Test CORS locally with curl and HTML & Ajax
You can update API in ajax-api-call.js
var API="https://api.github.com"
if the cors working you will see response in the browser.
if the backend has does not allow the origin it should block the request
curl -I -H "Origin: https://frontend.domain" https://origintest.mydomain.com/
Expected allow origin header to check
access-control-allow-origin
Curl response:
curl -I -H "Origin: https://frontend.domain" https://origintest.mydomain.com/
HTTP/2 200
date: Tue, 28 Sep 2021 04:47:05 GMT
content-type: text/html; charset=utf-8
content-length: 170
x-powered-by: Express
access-control-allow-origin: https://frontend.domain
access-control-allow-headers: X-Requested-With
etag: W/"aa-z+ebXSEdArbZ+EXlN/WQjf6HV8c"
strict-transport-security: max-age=15724800; includeSubDomains
access-control-allow-credentials: true
app.all('/*', function(req, res, next) {
res.header("Access-Control-Allow-Origin", req.get('origin'));
res.header("Access-Control-Allow-Headers", "X-Requested-With");
next();
});
ingressExternal:
enabled: false
annotations:
kubernetes.io/ingress.class: nginx-layer-tls
nginx.ingress.kubernetes.io/ssl-redirect: "true"
nginx.ingress.kubernetes.io/enable-cors: "true"
nginx.ingress.kubernetes.io/cors-allow-methods: "PUT, GET, POST, OPTIONS, DELETE"
nginx.ingress.kubernetes.io/cors-allow-credentials: "true"

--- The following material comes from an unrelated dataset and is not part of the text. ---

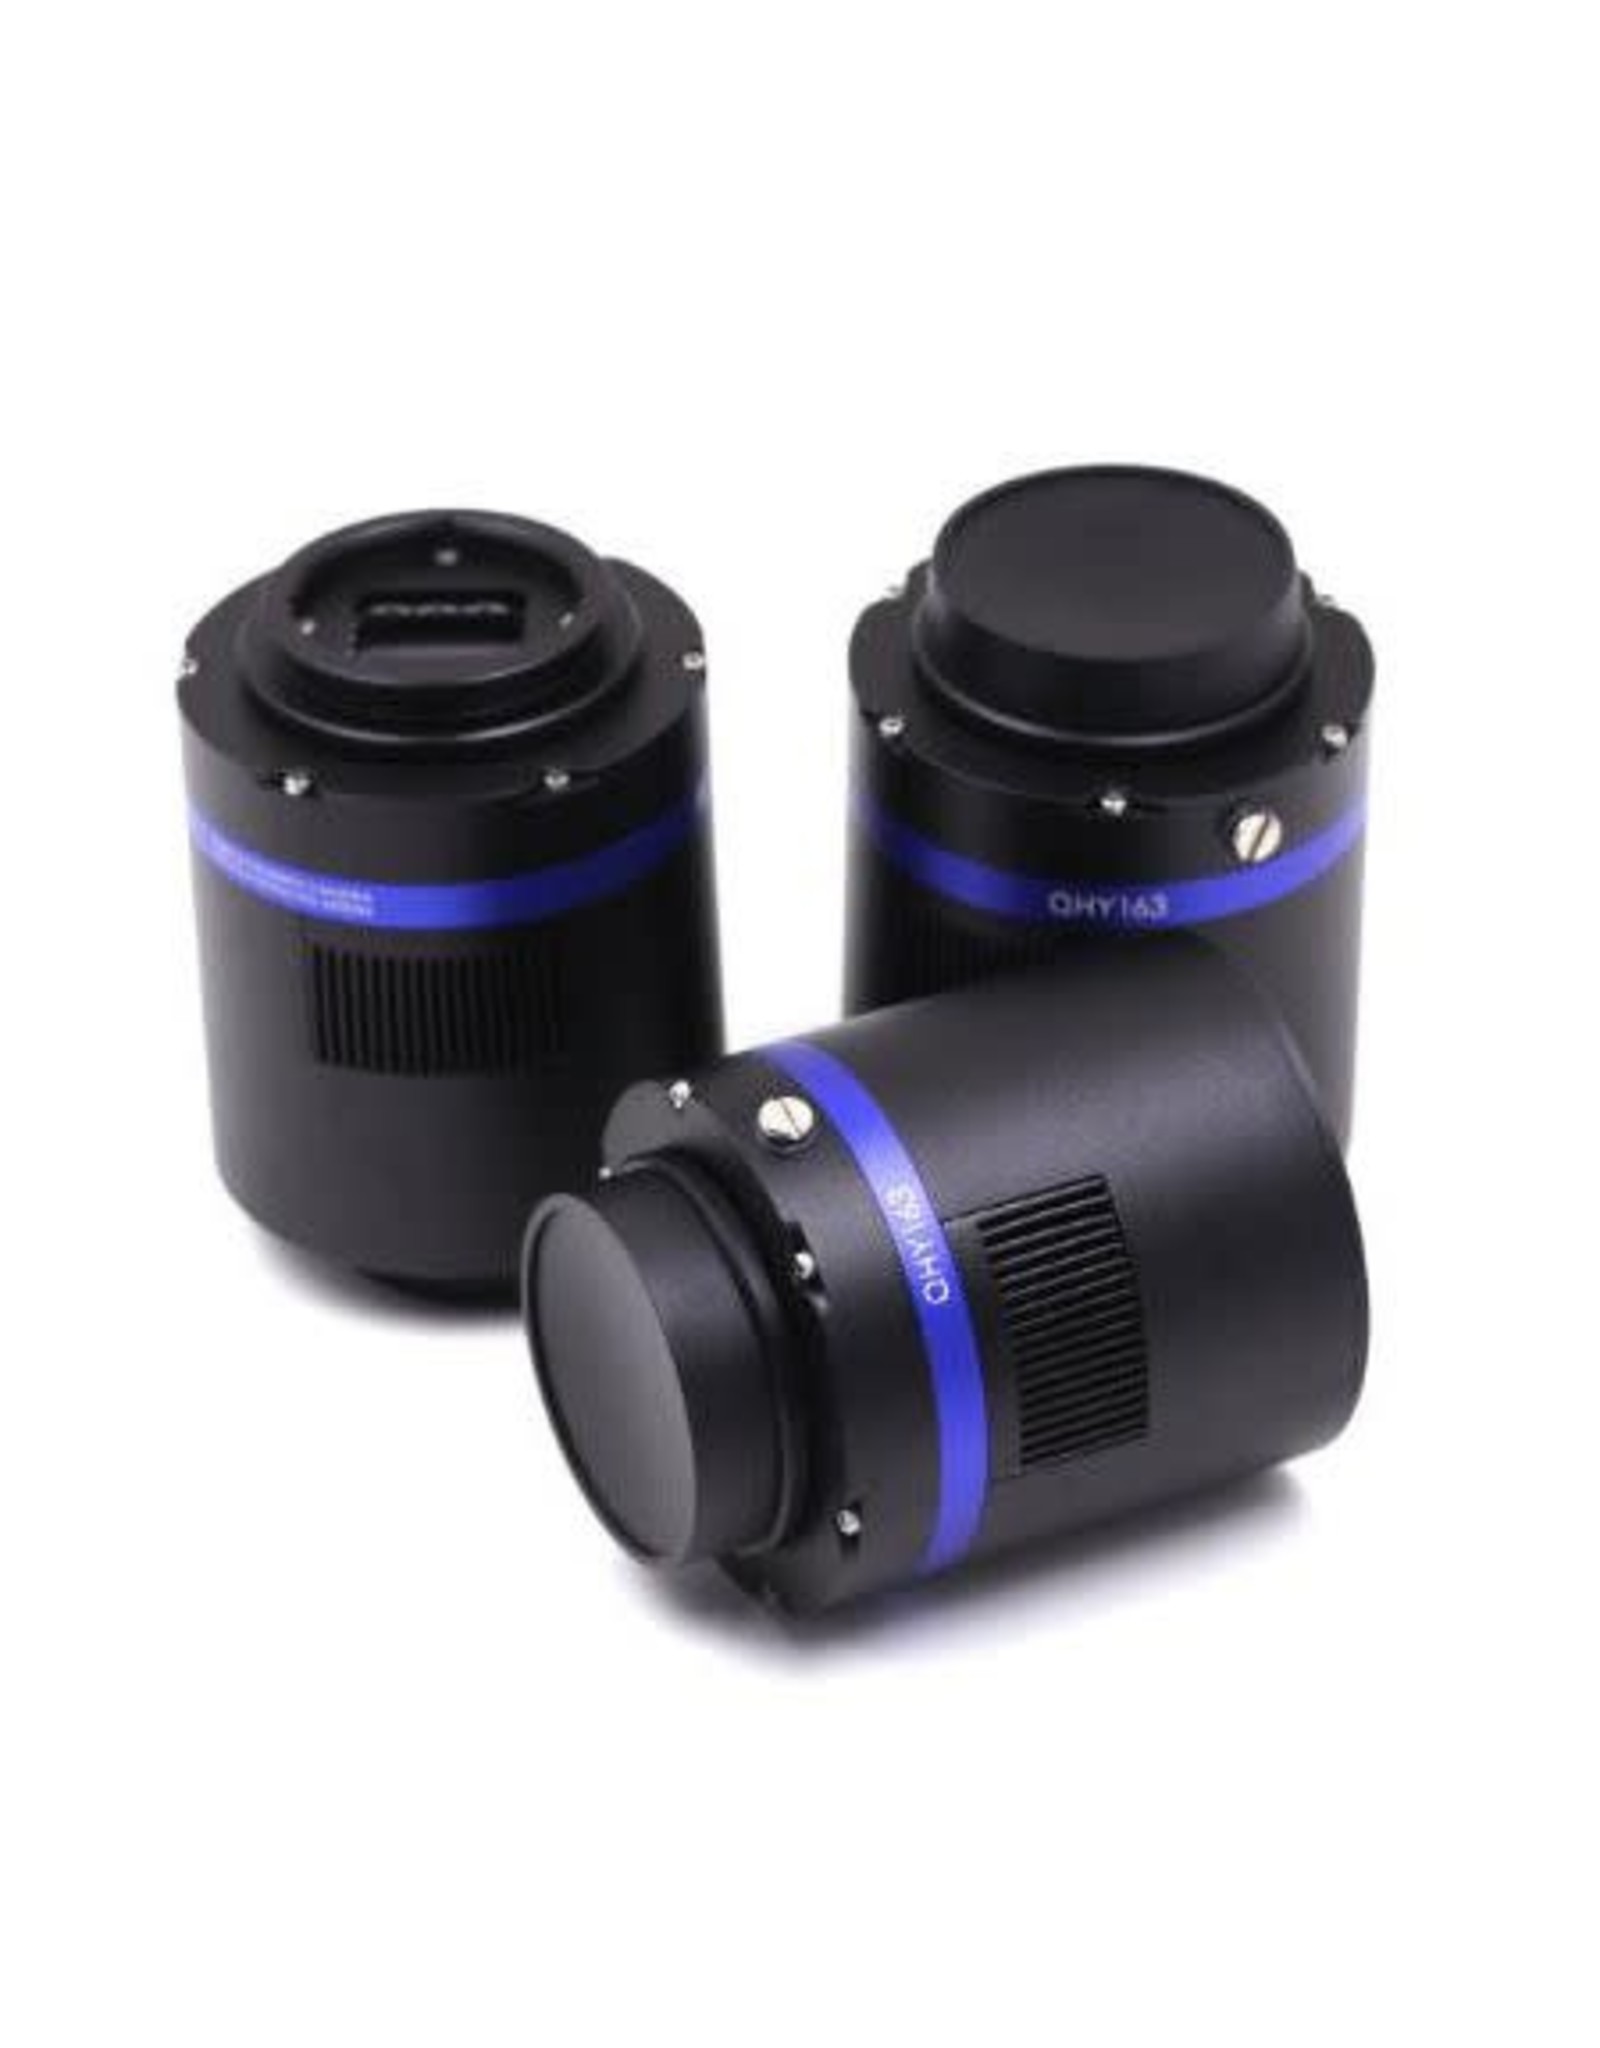 QHYCCD QHY 183M Monochrome Cooled Camera with CFW3S-SR-7 Filter Wheel for 31 mm or 1.25" Filters - QHY183M-CFW3S-SR-7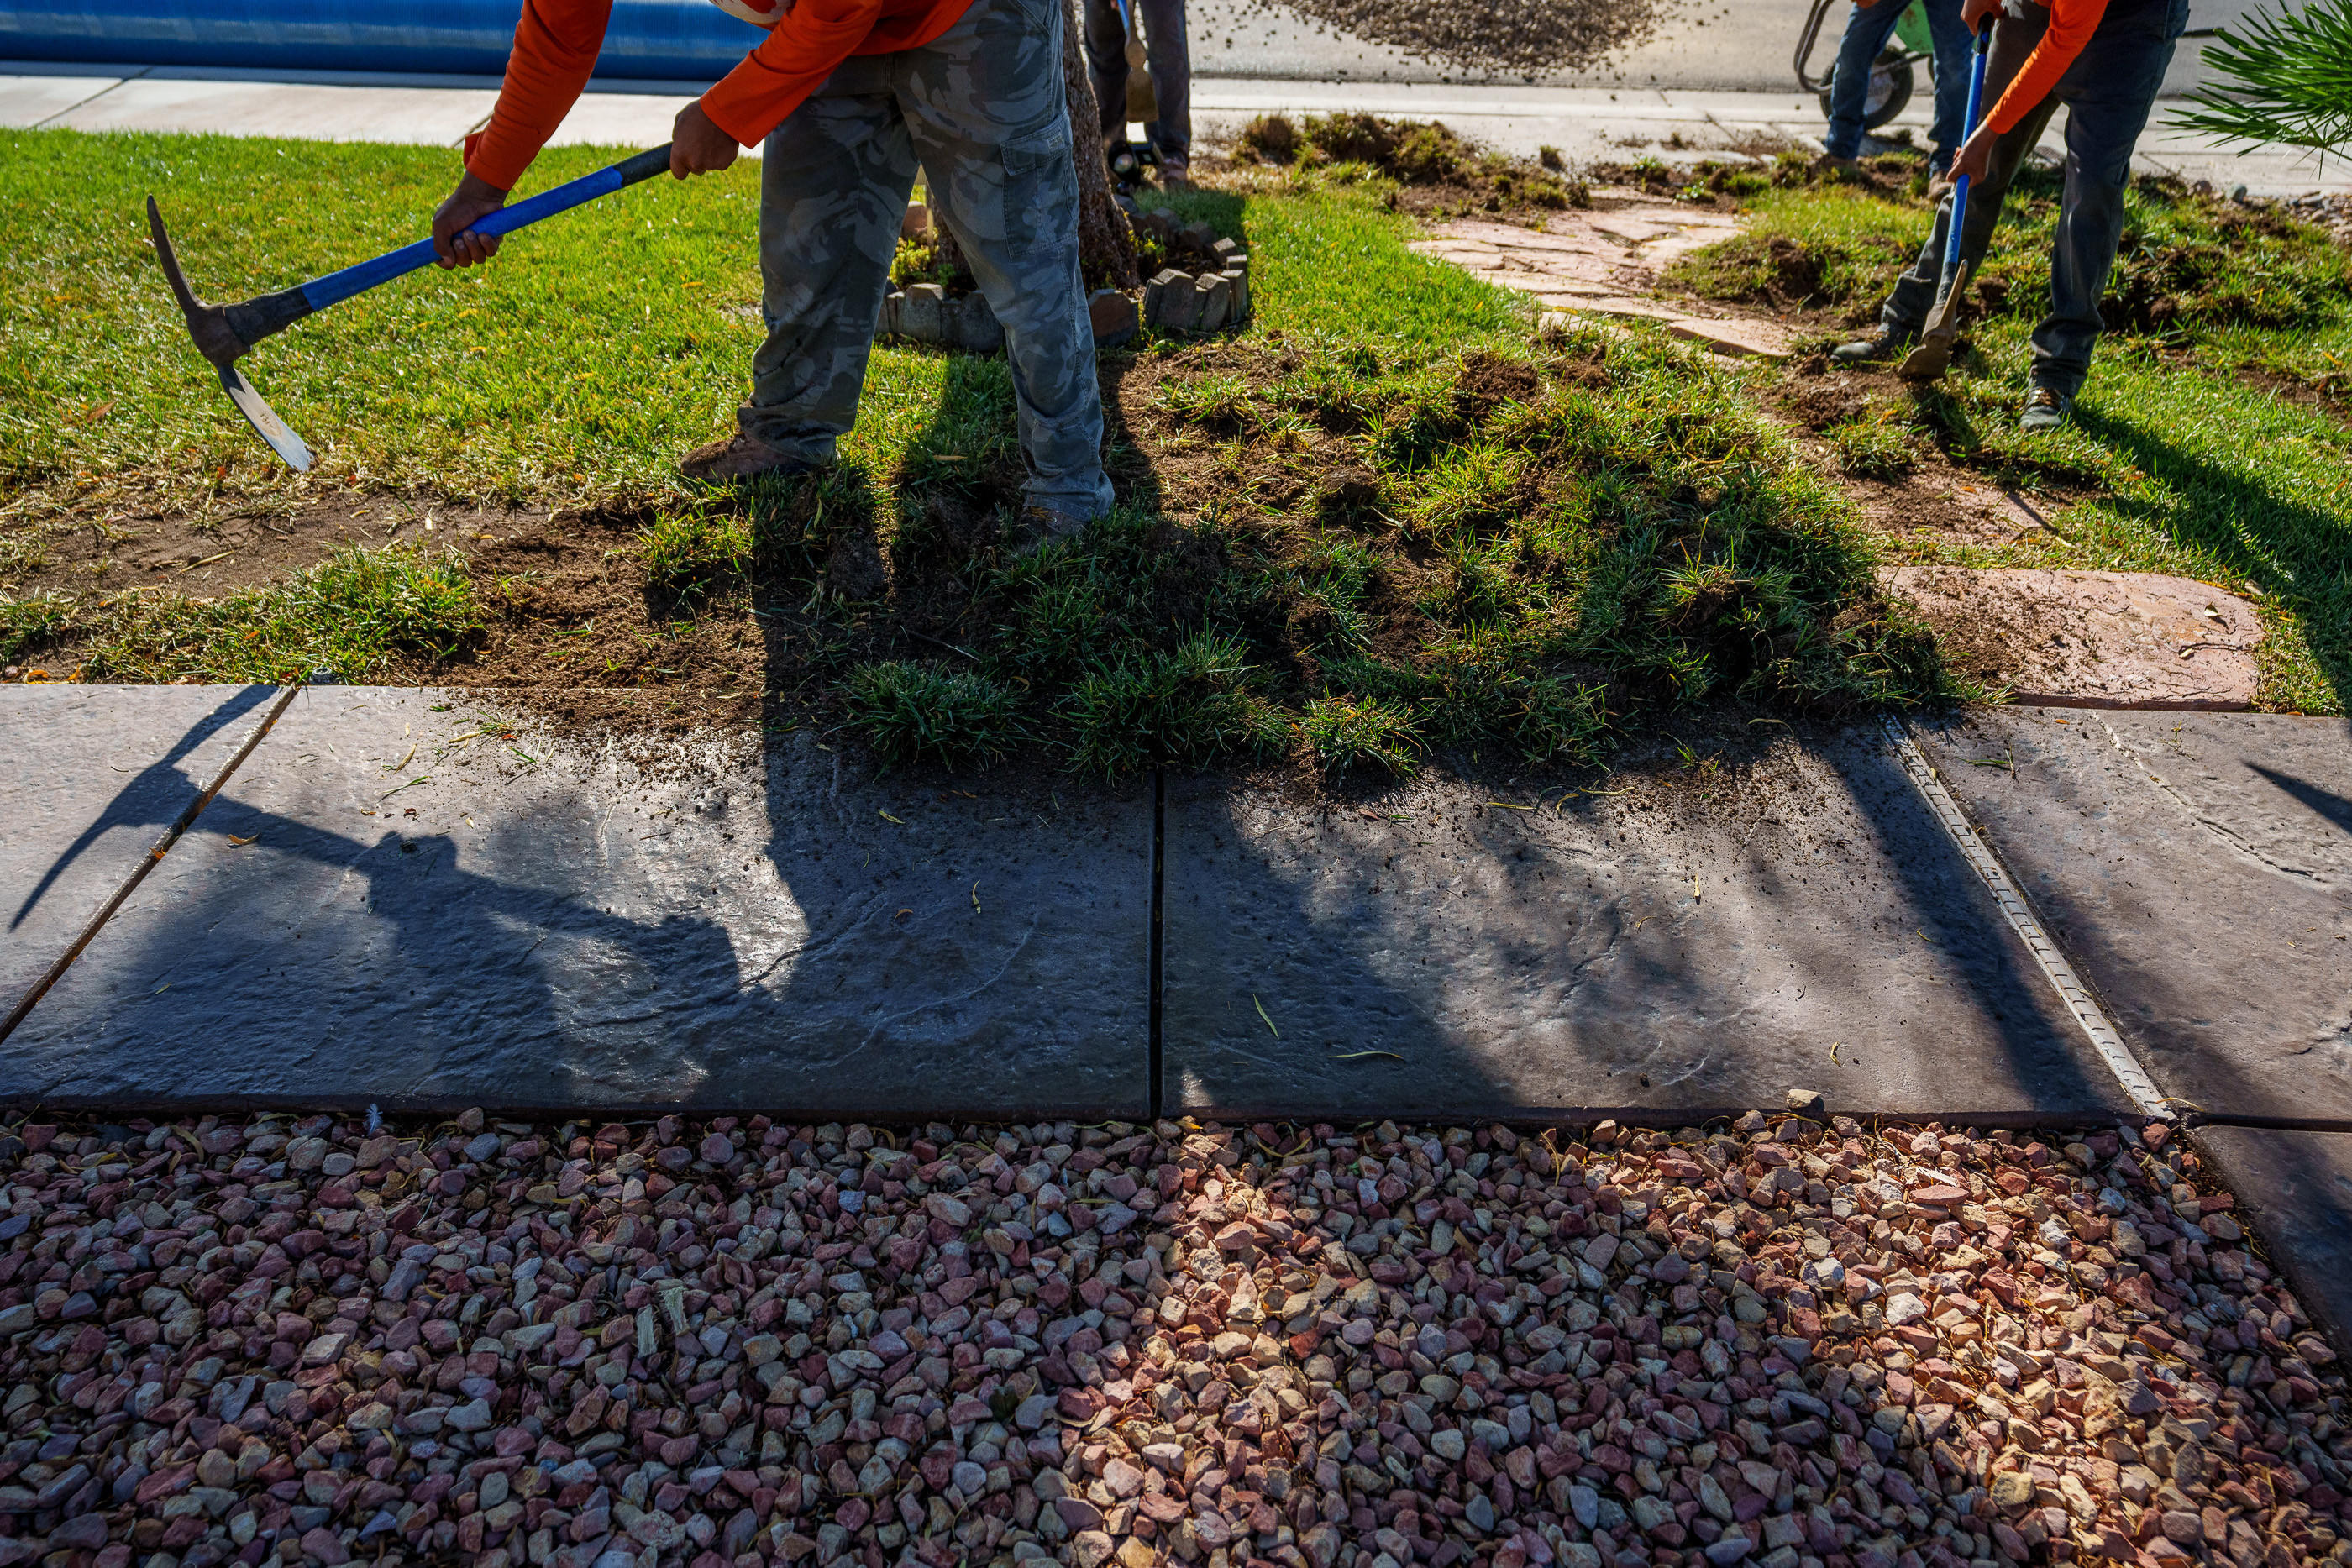 (Trent Nelson  |  The Salt Lake Tribune) Workers with Foxtail Turf remove the grass from Patricia Council's North Las Vegas yard, replacing it with artificial turf on Thursday, Sept. 29, 2022.

nginx.ingress.kubernetes.io/configuration-snippet: |
more_set_headers "Access-Control-Allow-Origin: $http_origin";
proxy_set_header l5d-dst-override $service_name.$namespace.svc.cluster.local:$service_port;
grpc_set_header l5d-dst-override $service_name.$namespace.svc.cluster.local:$service_port;
kubernetes.io/tls-acme: "true"
paths:
- "/"
hosts:
- mydomain.com
tls:
secretName: my-tls-secret
hosts:
- mydomain.com
In the below case the kubernetes ingress will only request from same origin
curl -I -H "Origin: https://test.domain" https://mydomain.com:443
HTTP/2 200
date: Tue, 28 Sep 2021 05:56:26 GMT
content-type: text/html; charset=utf-8
content-length: 7
x-powered-by: Express
etag: W/"7-3hjM+hXoQcTv5niKCOzNqTVlC7E"
strict-transport-security: max-age=15724800; includeSubDomains
access-control-allow-origin: https://mydomain.com:443 ## here you can only allowed domain and in this browser will throw error
access-control-allow-credentials: true
ingressExternal:
enabled: false
annotations:
kubernetes.io/ingress.class: nginx-layer-tls
nginx.ingress.kubernetes.io/ssl-redirect: "true"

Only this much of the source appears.